Prove that for a fixed $n$, the equation $\phi (x)=n$ has only a finite number of solutions.

I have thought a lot about it but could not arrive at a proof. I know that $\phi(m_1m_2)=\phi(m_1)\phi(m_2)$ (for $m_1,m_2$ co-prime), but it doesn't seem to help. Any hints/ideas on how to tackle this problem?

Note: I dont think this is a duplicate of Euler Totient Issues, as that question doesn't prove the result.
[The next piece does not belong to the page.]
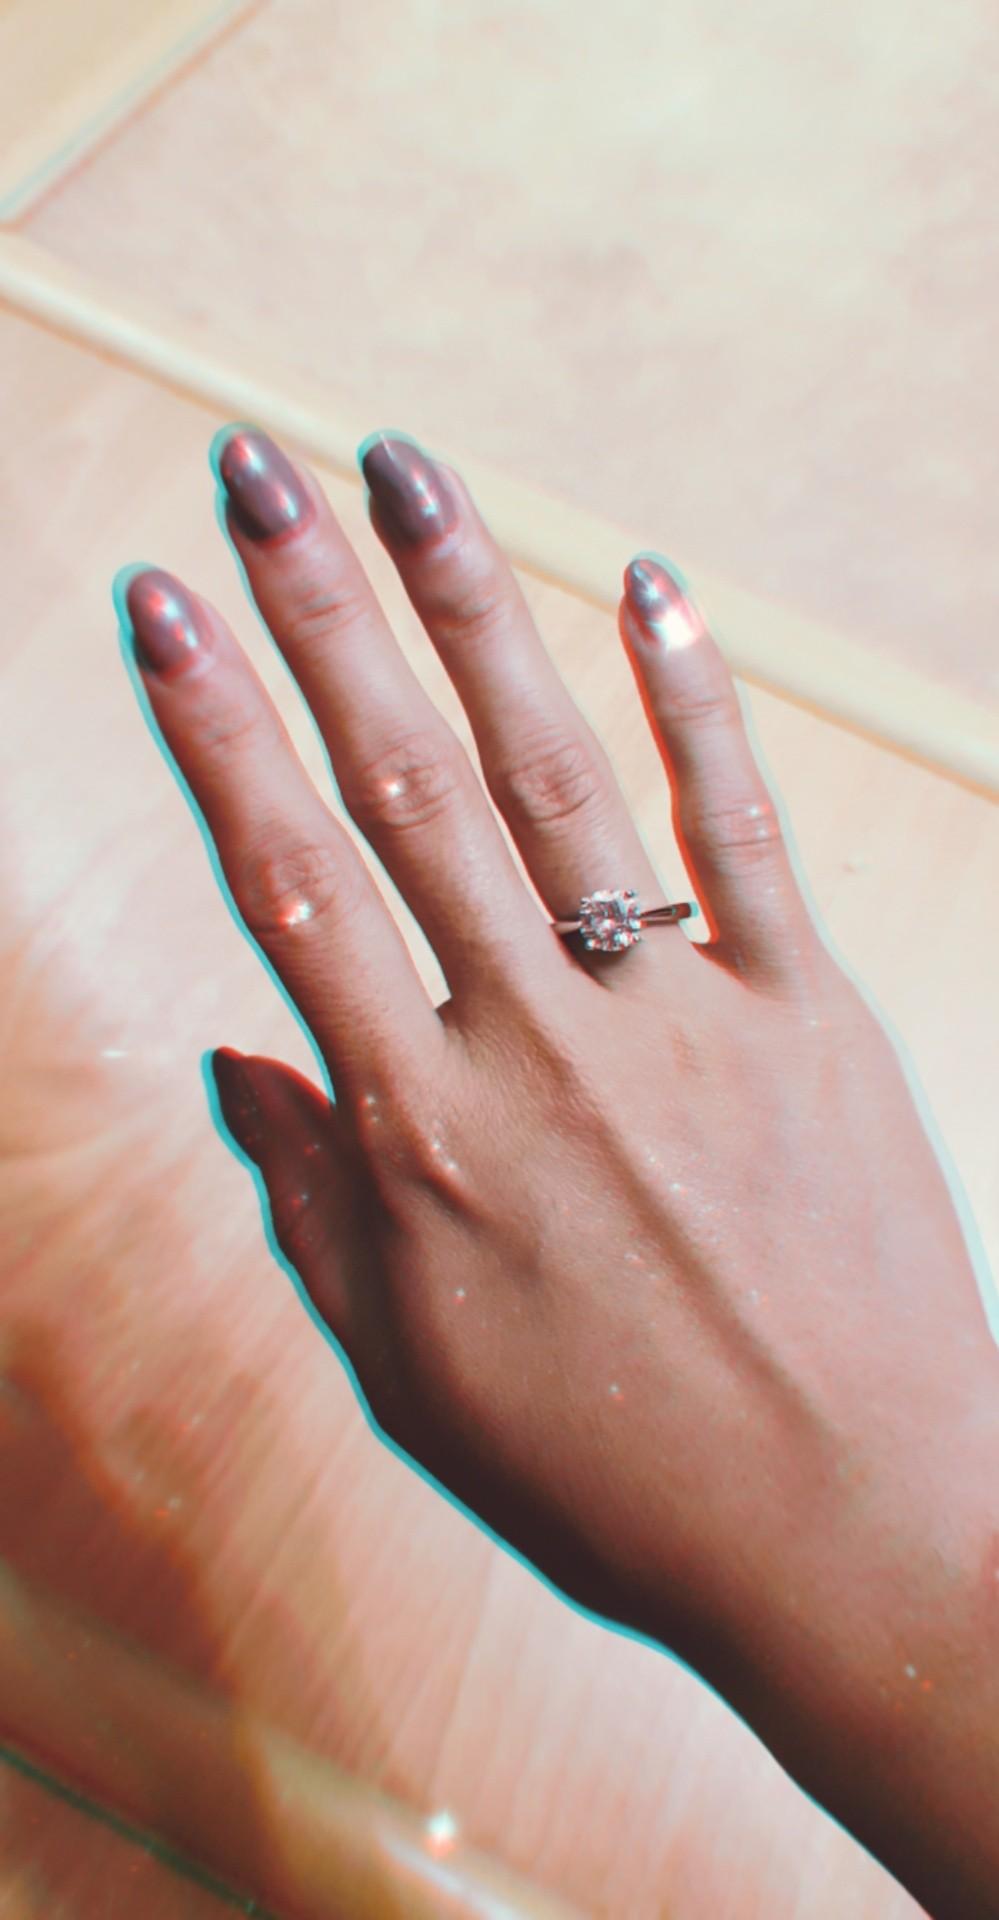 Кольцо на миниатюрную руку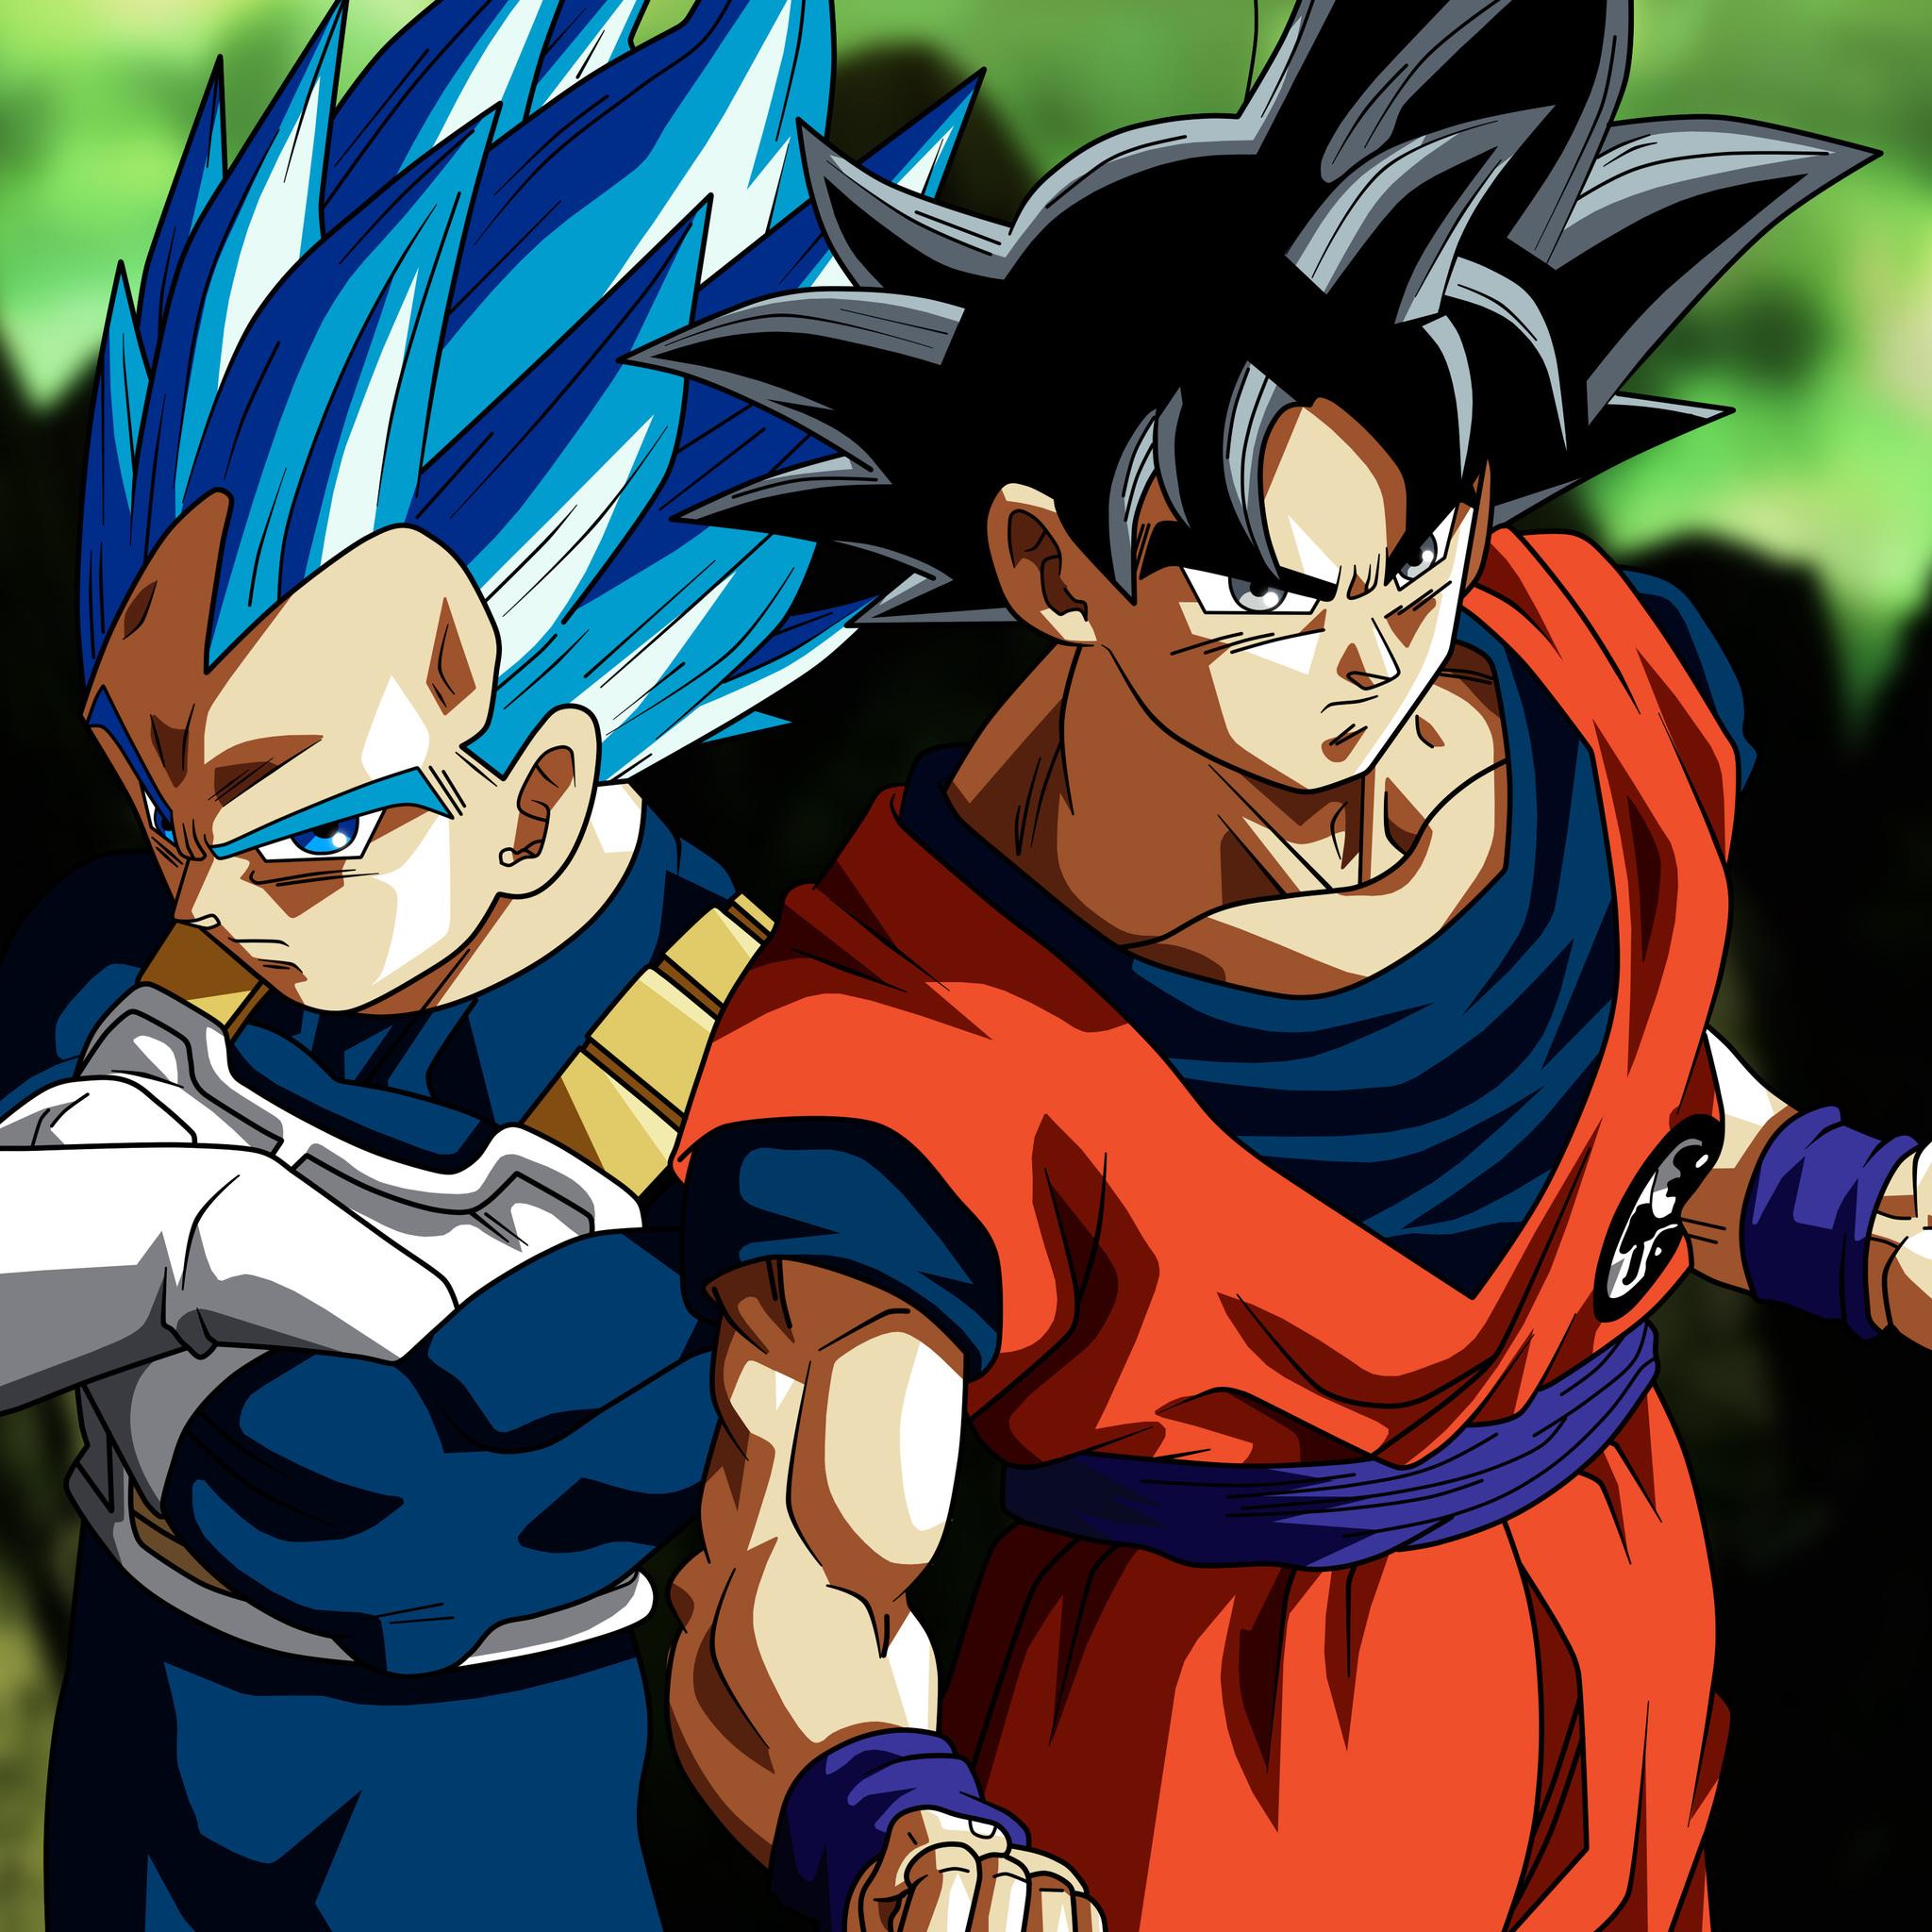 2048x2048 Son Goku Vegeta In Dragon Ball Super 5k Ipad Air

It just clarifies the OP's misinterpretation of another result.

Answer 1

If $p$ is a prime divisor of $x$ and $x=p^k\cdot n$ where $p$ does not divide $n$, then

$$\phi(x)=p^{k-1}(p-1)\phi(n)$$

This is because the Euler totient function is "multiplicative", as you note: $\gcd(a,b)=1\implies \phi(ab)=\phi(a)\phi(b)$.

Therefore, $\phi(x)\ge p-1$ and $\phi(x)>p^{k-1}$ for any prime divisor of $x$.

Think now how large $x$ can get. If there are too many prime divisors of $x$, $p-1$ gets larger than the given value of $\phi(x)$. If the powers of the primes get too large, $p^{k-1}$ gets larger than the given value of $\phi(x)$.

Now formalize that argument.